15 years – the Sloth Club.
I can never forget the day I met the Sloth.
Bound
and trussed like some living pot roast and left in a concrete laundry tub,
awaiting the day it would be dispatched and it’s scrawny flesh become part of a
meal for a family living in north-west Ecuador. Leaving it alive was a way of keeping the meat fresh I suppose, its
suffering silent, unnoticed and irrelevant. And this is what initially brought
my world crashing down, this defining tendency of human beings - this disconnection to suffering.
I was inconsolable. But somehow, with as
much cultural sensitivity as possible, we managed to buy the creature in order
to win its freedom. With this beautiful animal laying in my lap, touching its
green-tinged, insect-riddled fur, gazing into its permanently
smiling face, I started to realize just how amazing Sloths were – gentle,
unequivocally unthreatening and so extremely slow. As it determinedly inched
it’s way up the tree, little was it to know it had sparked a movement in a
country where the ideal character was the antithesis of Sloth.

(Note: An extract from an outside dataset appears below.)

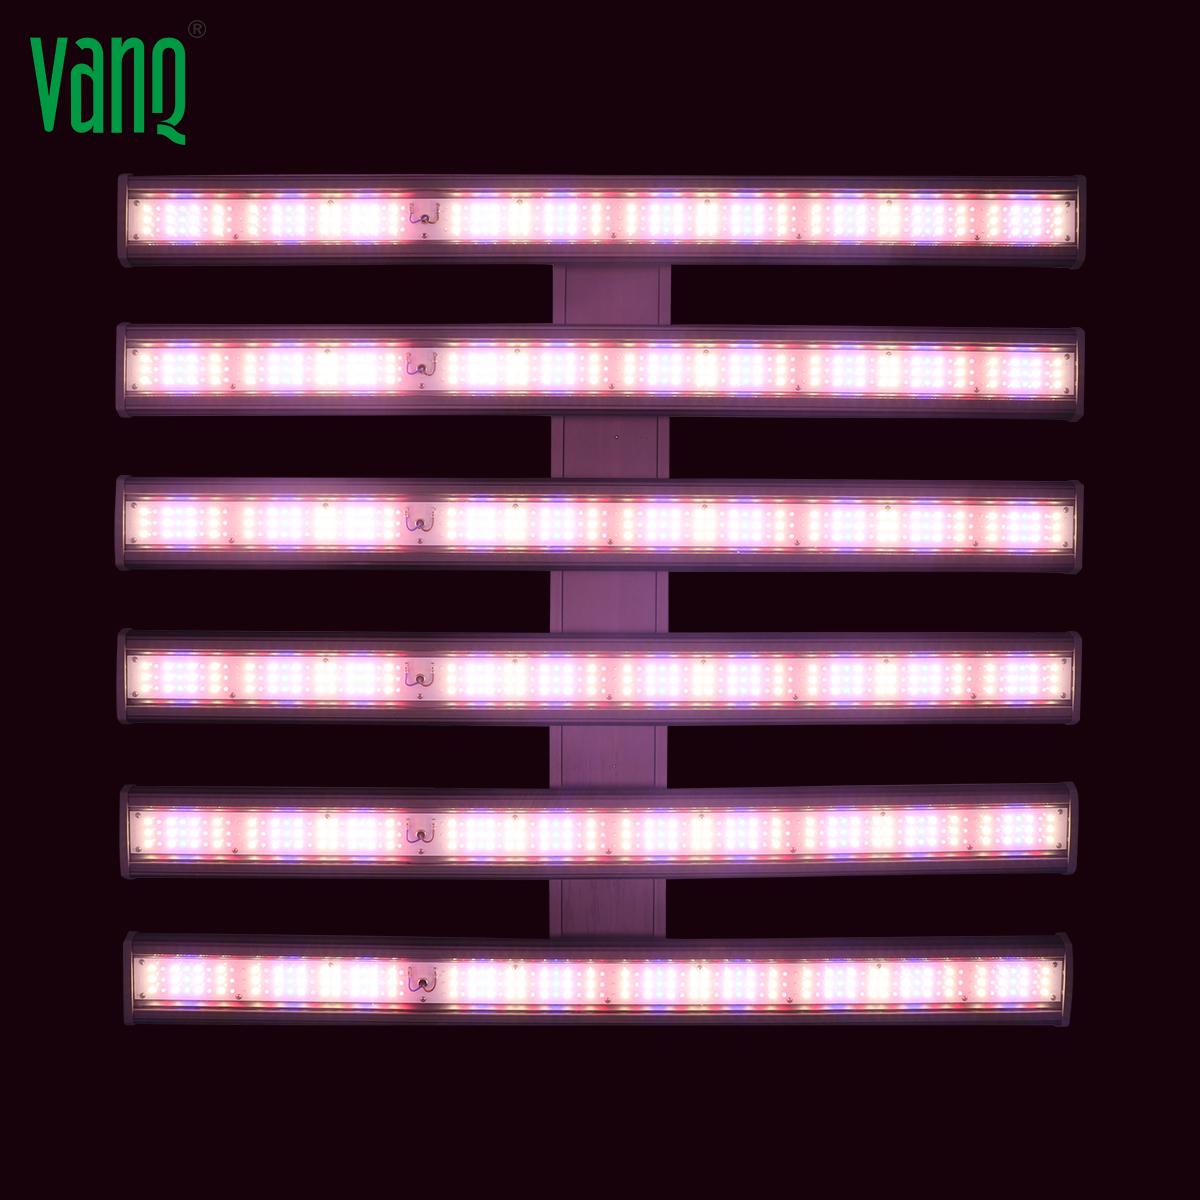 High Power 720W Indoor Grow Lamp Hydroponic LED Plant Grow Light Walmart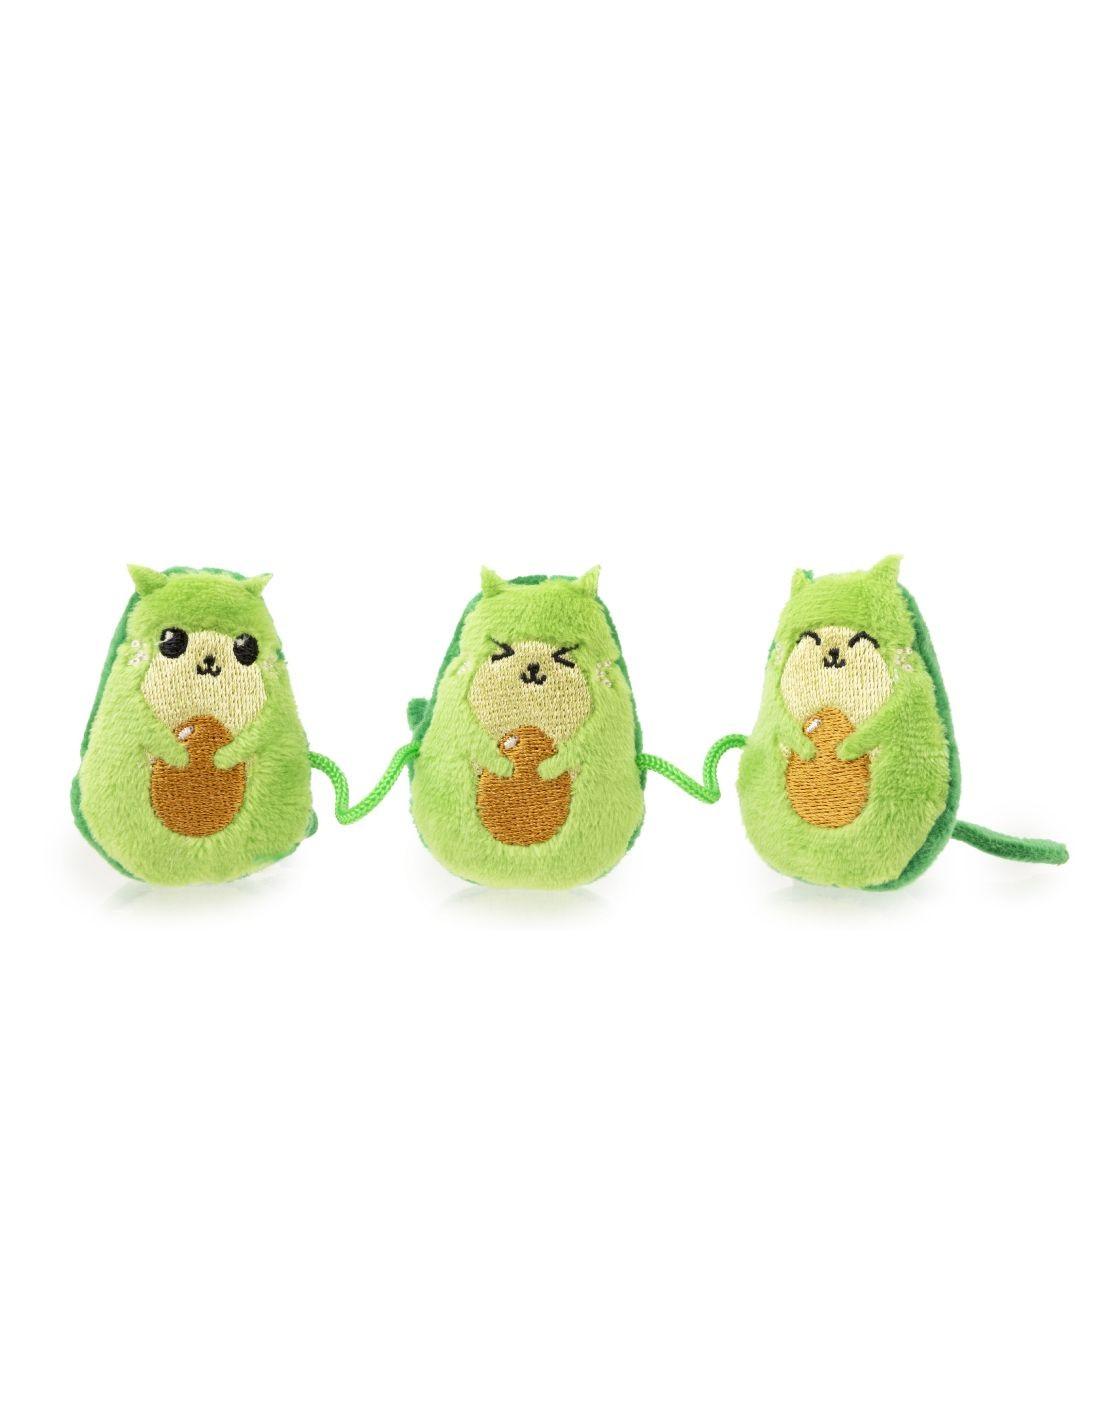 FUZZYARD Avocatos x3 - Juguete para gato

15 years later and the Sloth Club
continues. A family of caring, openhearted and non-judgmental humans of all
ages and backgrounds - slightly bewildered that this movement has had such a profound
impact – a non-religious, environmental, cultural movement that runs multitudes
of ‘campaigns’ – but works primarily on the ‘soul’ level.
For me, watching from afar and continuously
inspired by the latest ideas and campaigns - it seems like the most simple,
most humble approach is having the deepest impact – simply Love.
It’s so inspiring to see
these ideas and sentiments infuse many other ‘movements’, saving them from
becoming strange parodies of the dominating, controlling system behind this
nightmare of destruction.
And while of course we all still aspire to
‘become Sloth’ – lately I have seen our movement like those Hobbits in the Lord
of the Rings classic. Knowing that our quest to protect Life is all but impossible,
but never giving up - trying to find humour and humanity in all our activities,
however small and seemingly insignificant. As Gandalf says as he describes the
barefooted hobbits Bilbo and Frodo undertaking a seemingly impossible mission
against impossible odds:
“I found it is the small
everyday deeds of ordinary folk that keep the darkness at bay. Small acts of
kindness and love.”
With a big smile and proudly
bare feet (usually!) - it is my honor and joy to be a member of the Sloth Club.